In an election year, such a tax hit on important voters is a definite political "no-no."

So far, though, the House and Senate are divided on how to fix the AMT.

The Senate appears to be drifting toward a two-year "patch" – a bill similar to those in the past few years aimed at preventing the number of taxpayers subject to the AMT from growing. An estimated 4.2 million taxpayers were caught by the AMT on their 2006 taxes. Absent a change in law regarding 2007 taxes, the AMT would strike an additional 19 million households, some earning as little as $50,000 a year. By 2010, more than 30 million taxpayers would pay the AMT, and 39 million or more in 2017.

In the House, Democratic leaders are considering altering the AMT permanently in a way that leaves 97 percent of taxpayers alone and adds a 3 to 5 percent surcharge on adjusted gross income on the prosperous remaining half million.

In effect, the measure would modestly increase the progressiveness of the tax system, making the truly well-to-do pay more, possibly cutting taxes slightly for those with lower incomes. It would be a mildly populist measure that might even include ways to help the working poor and expand the child credit for poor families.

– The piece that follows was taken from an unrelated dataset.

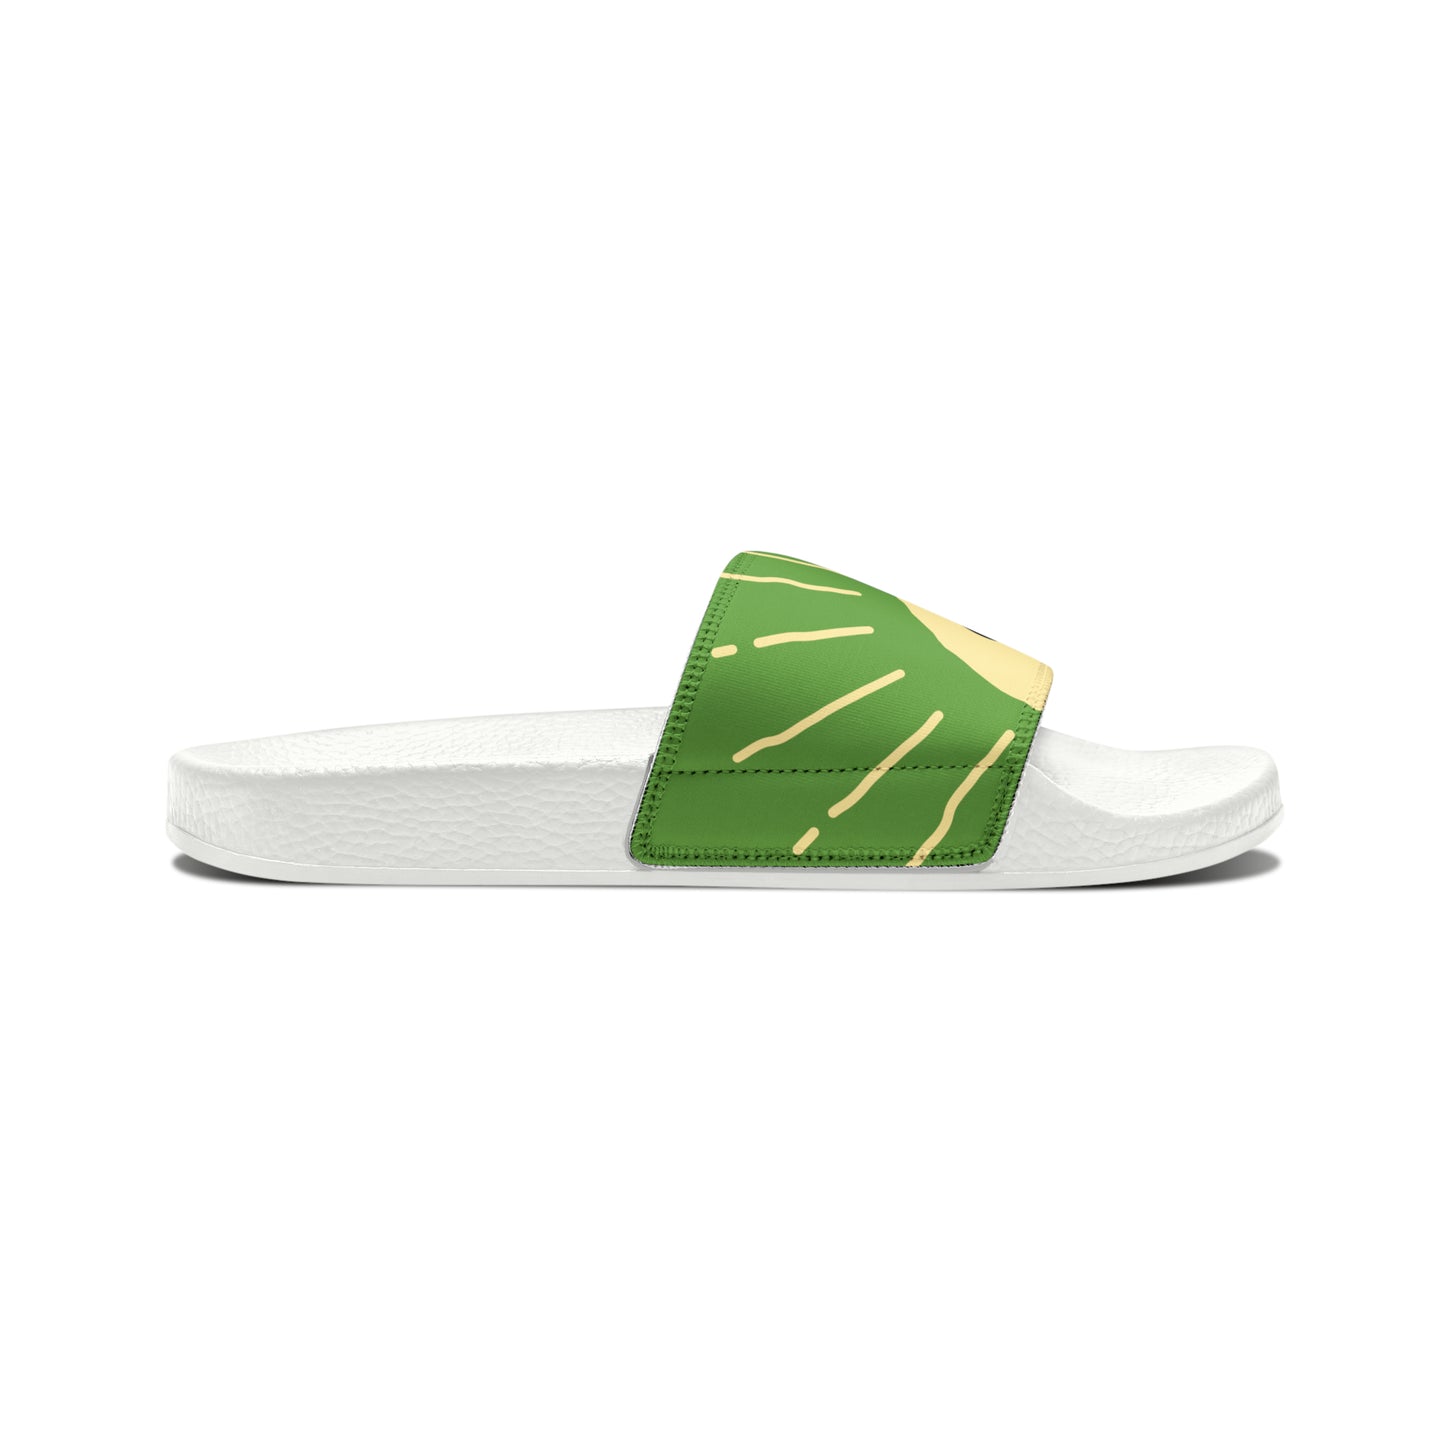 Slide Sandals [White\Light Green]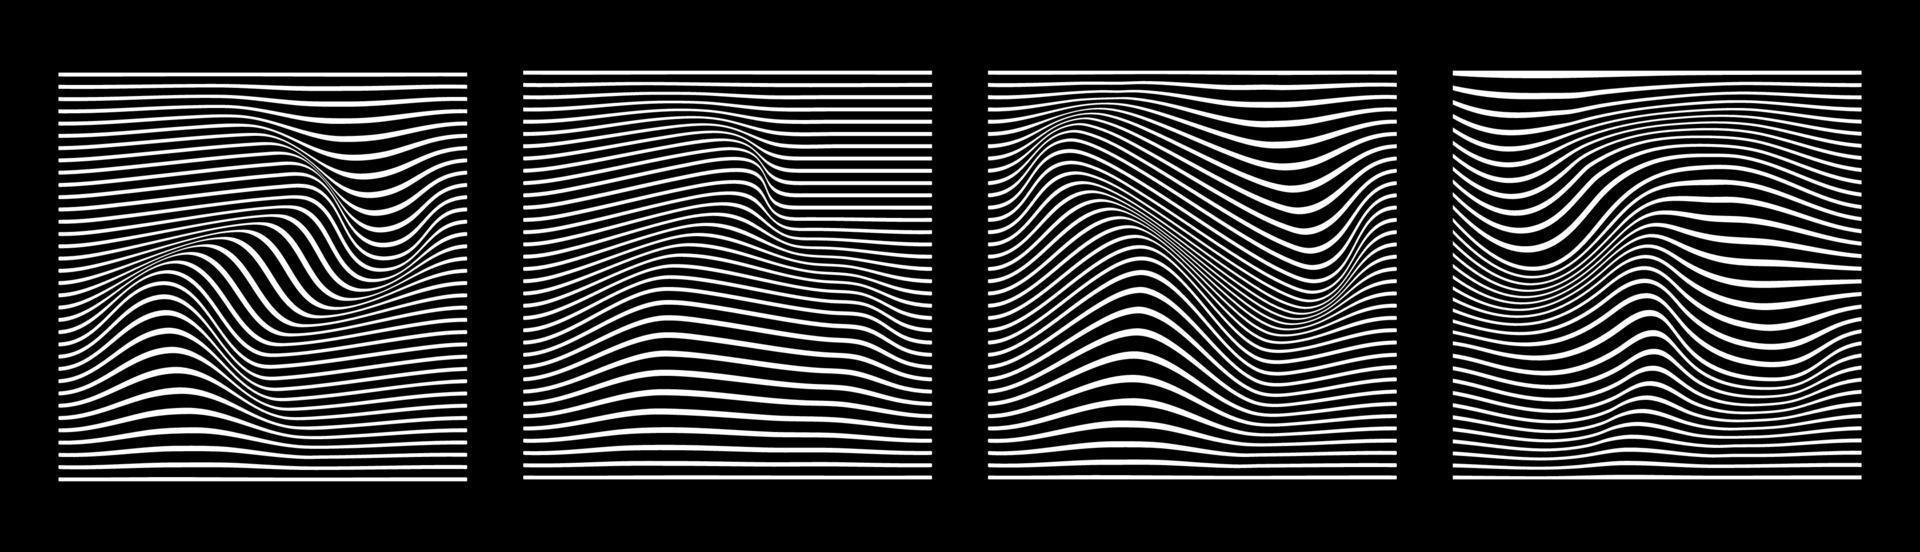 schwarz-weißer abstrakter wellenlinienstreifen-vektorillustrationssatz. wellenförmiger hintergrund der optischen kunst. Sammlung von gestreiften Linien Illusion. vektor

If the Senate and House don't agree on a joint AMT measure, their representatives could do battle in a congressional conference committee to resolve differences, perhaps in September.

"They get in a room, lock the door, scream and fight," predicts Stan Collender, a budget expert with the National Journal Group, in a half-joking way. "Or maybe gentle negotiations."

The legislation that emerges would land on the desk of President Bush. If it involves a tax hike for the relatively few rich and trims taxes for millions of middle-class voters, a presidential veto could be politically embarrassing.

"It's more of a political decision than anything else," says Mr. Collender.